Top of Dataset section

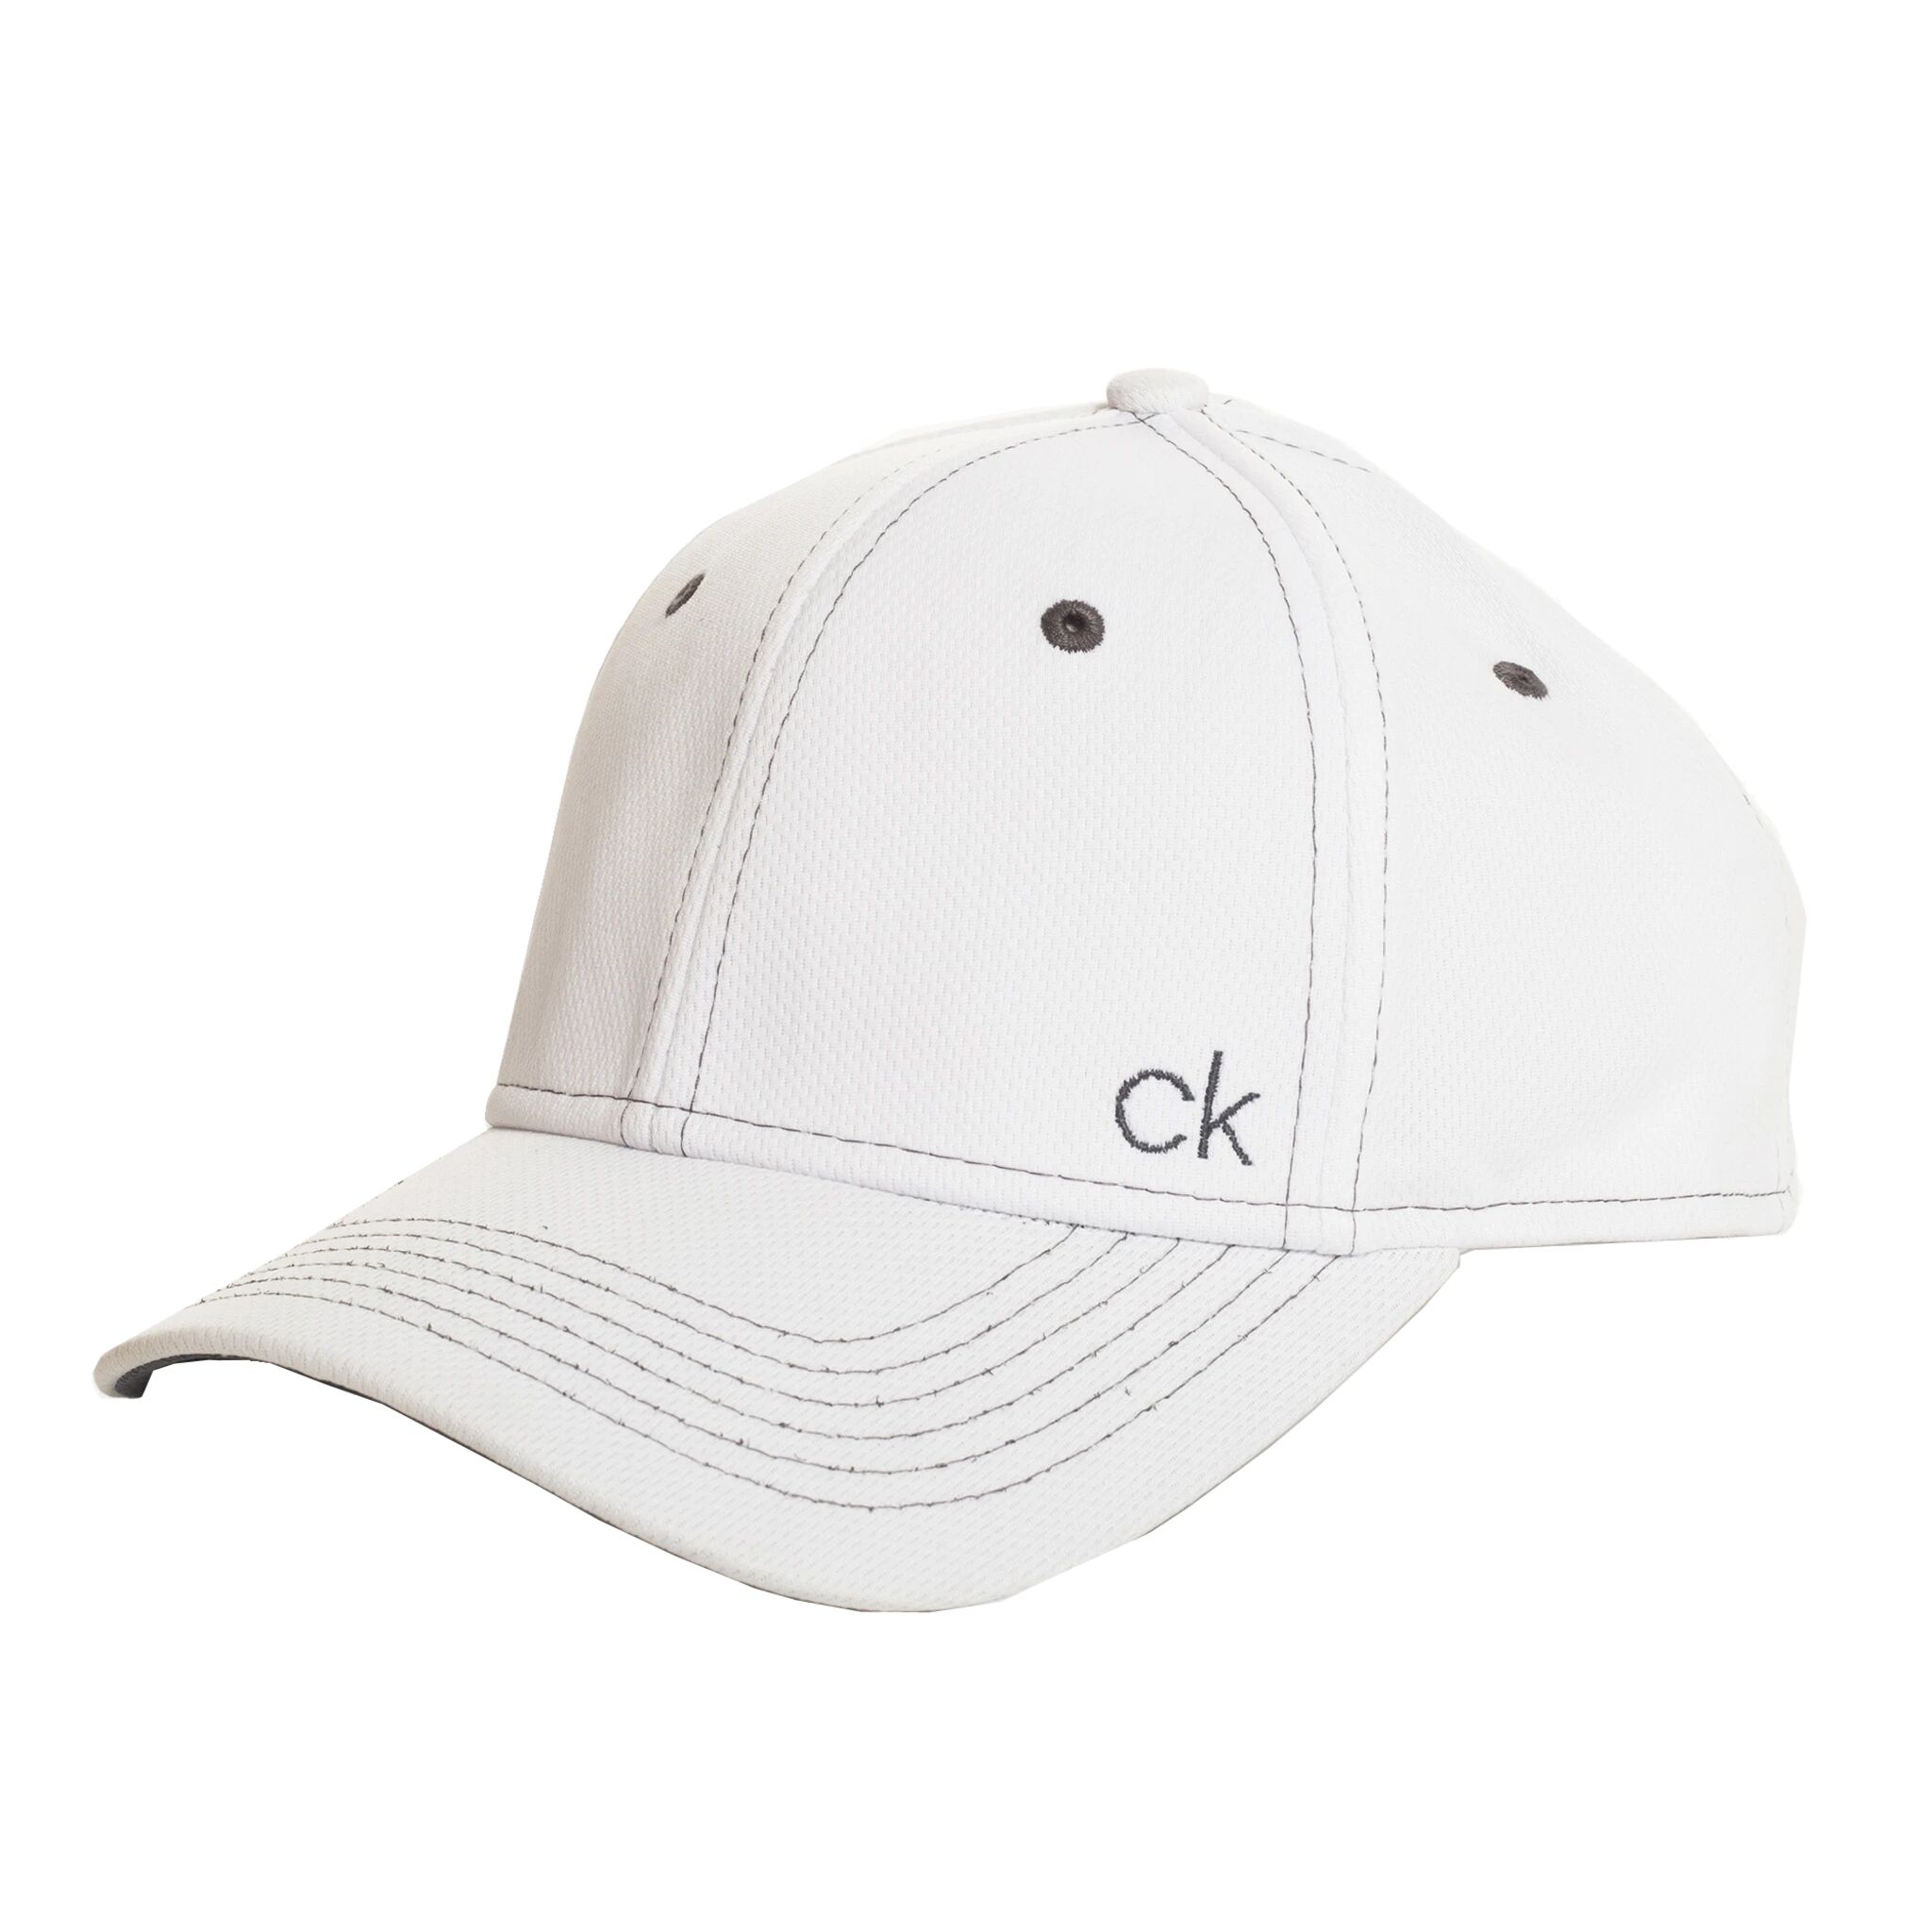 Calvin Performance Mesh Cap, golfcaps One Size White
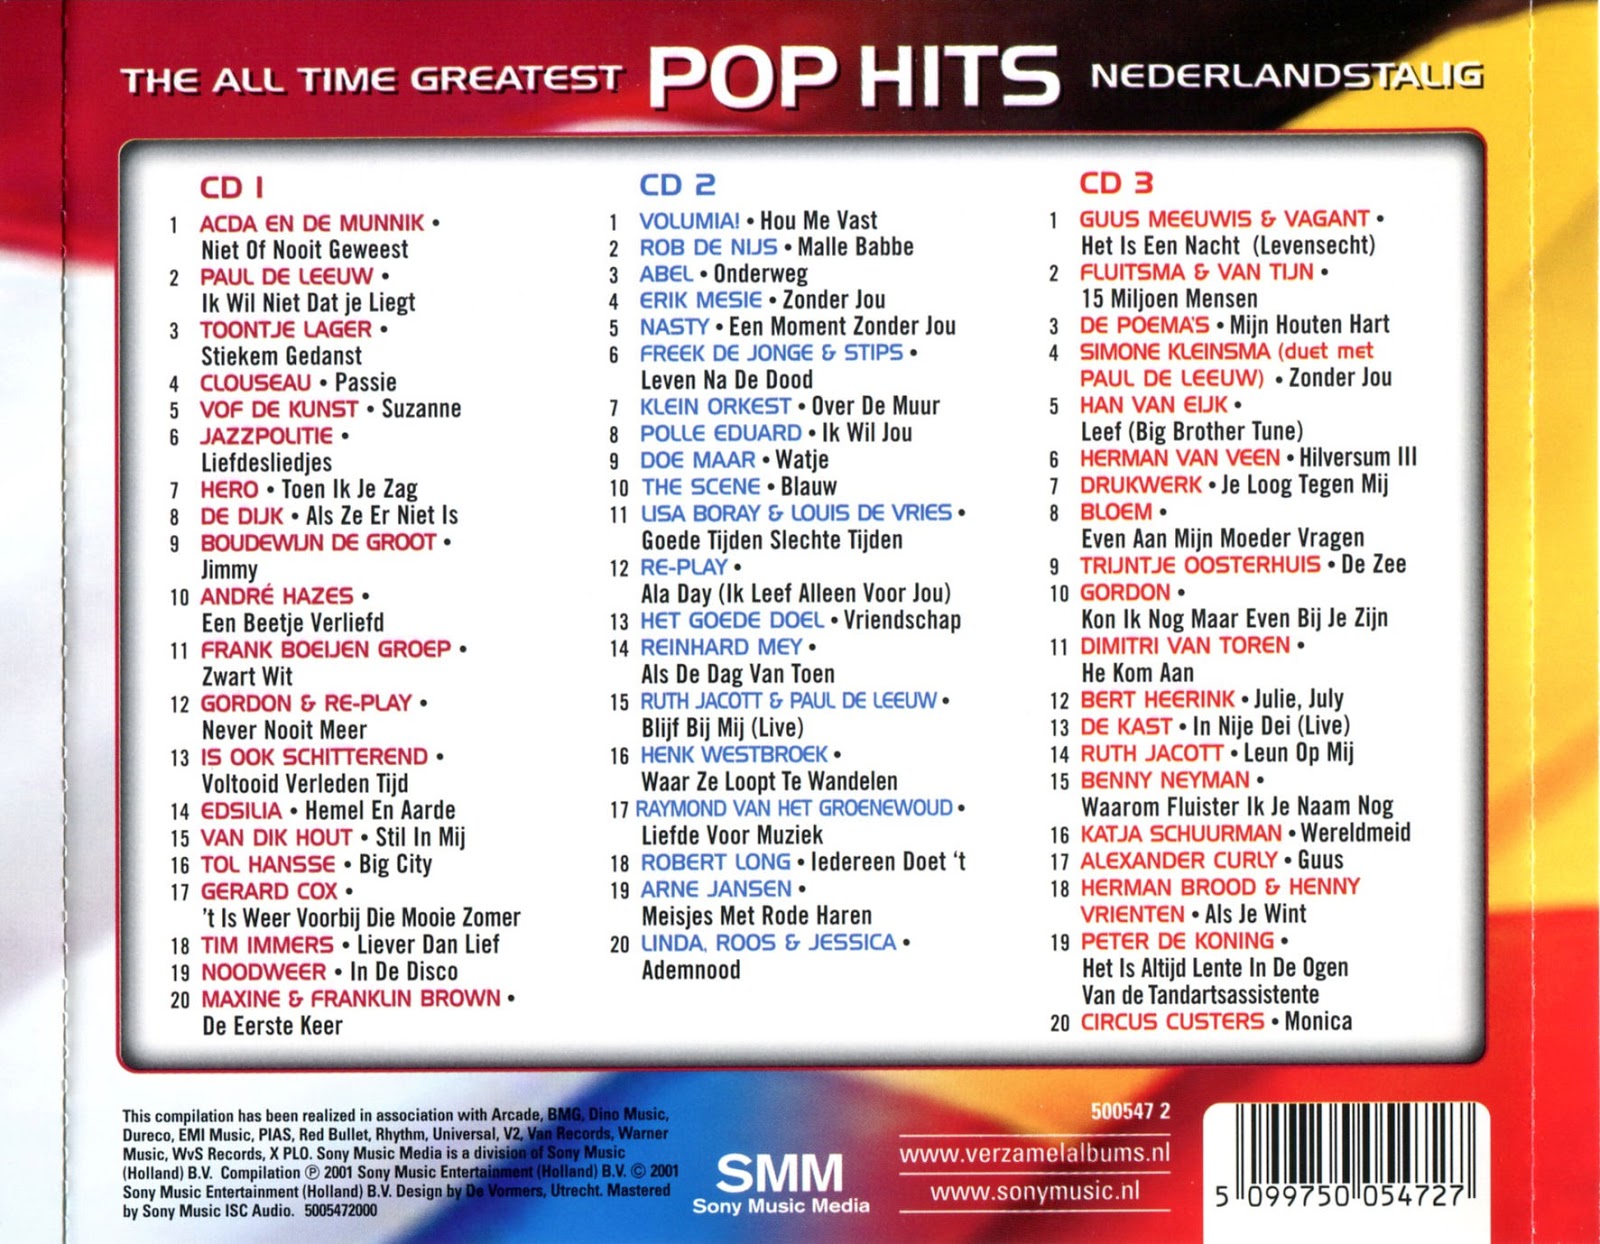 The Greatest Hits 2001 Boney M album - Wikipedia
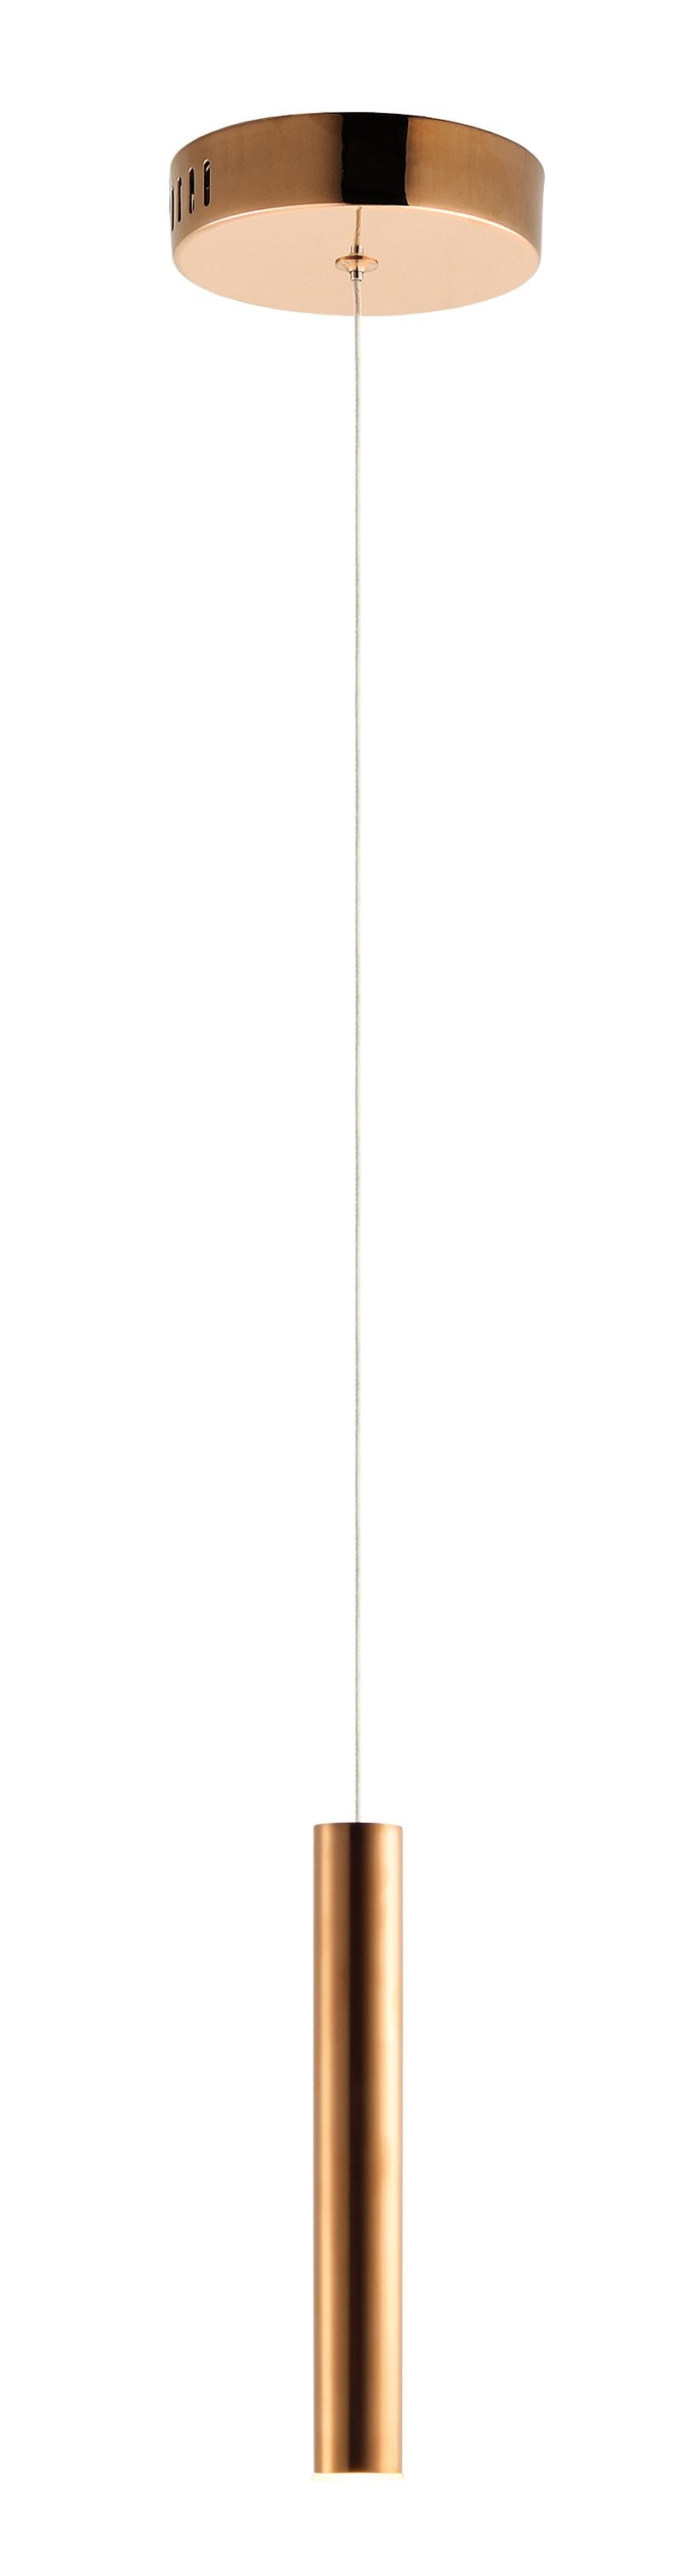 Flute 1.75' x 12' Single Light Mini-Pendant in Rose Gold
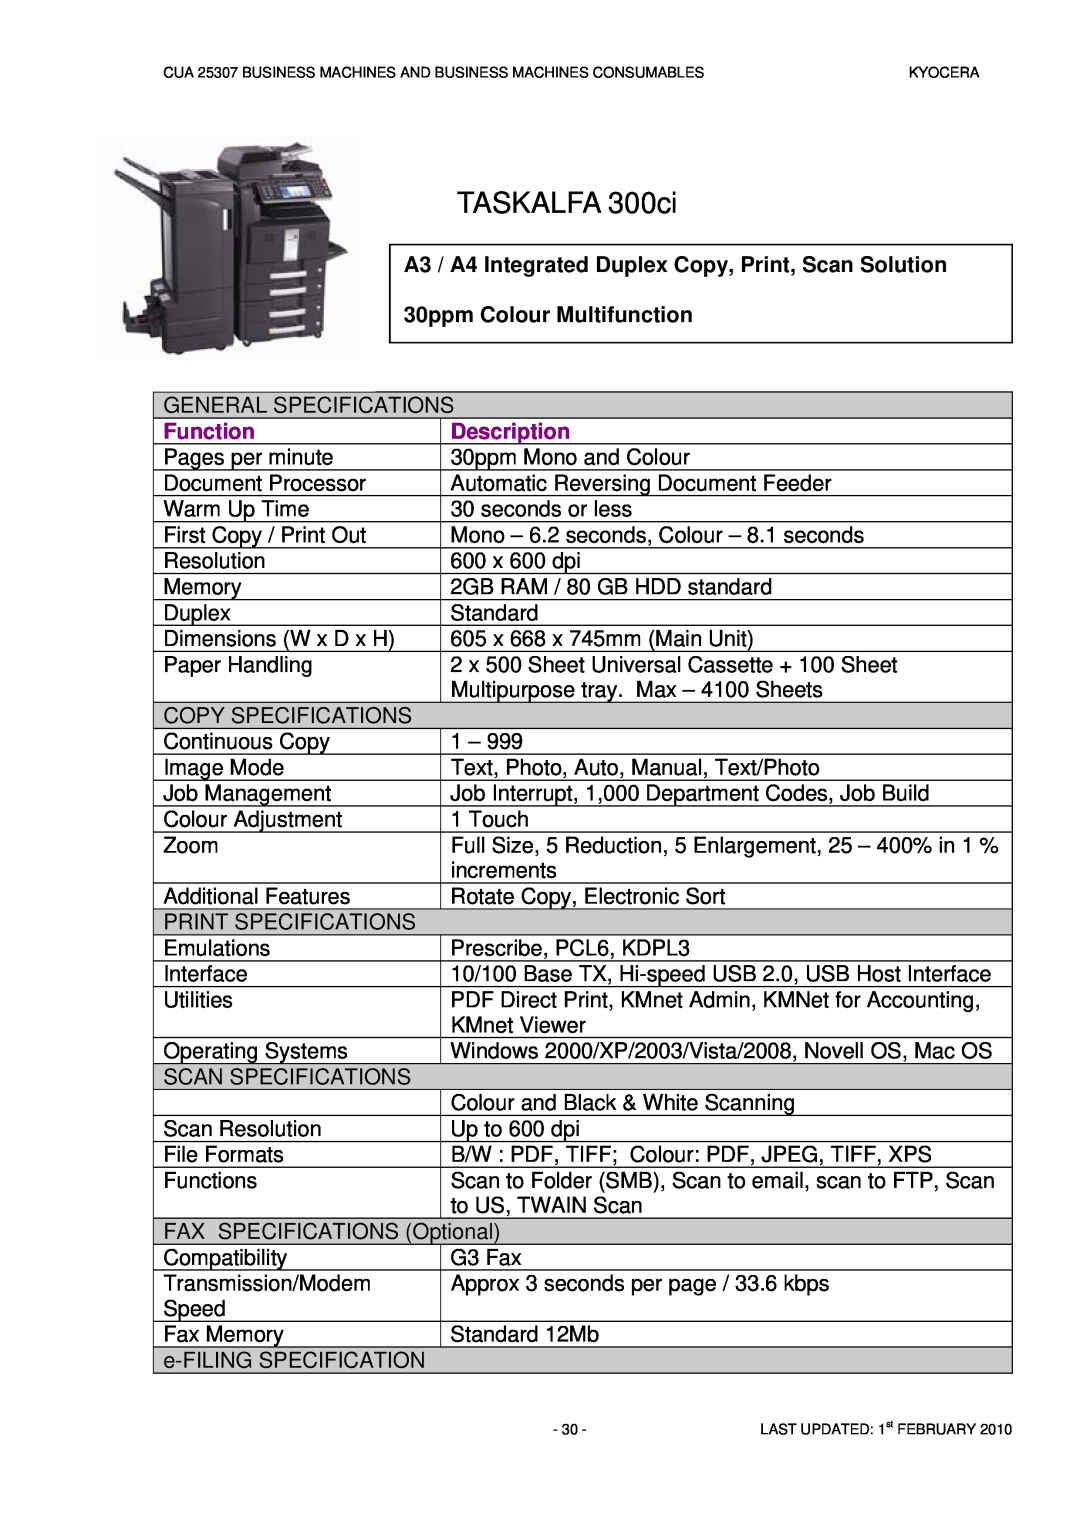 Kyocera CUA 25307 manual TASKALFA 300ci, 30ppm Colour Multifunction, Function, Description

Bottom of Dataset section

From the line containing "Flute 1.75' x" to the end of the listing, restate each line word for word and nothing more; the pictures stay out.

 Flute 1.75' x 12' Single Light Mini-Pendant in Rose Gold
 Kyocera CUA 25307 manual TASKALFA 300ci, 30ppm Colour Multifunction, Function, Description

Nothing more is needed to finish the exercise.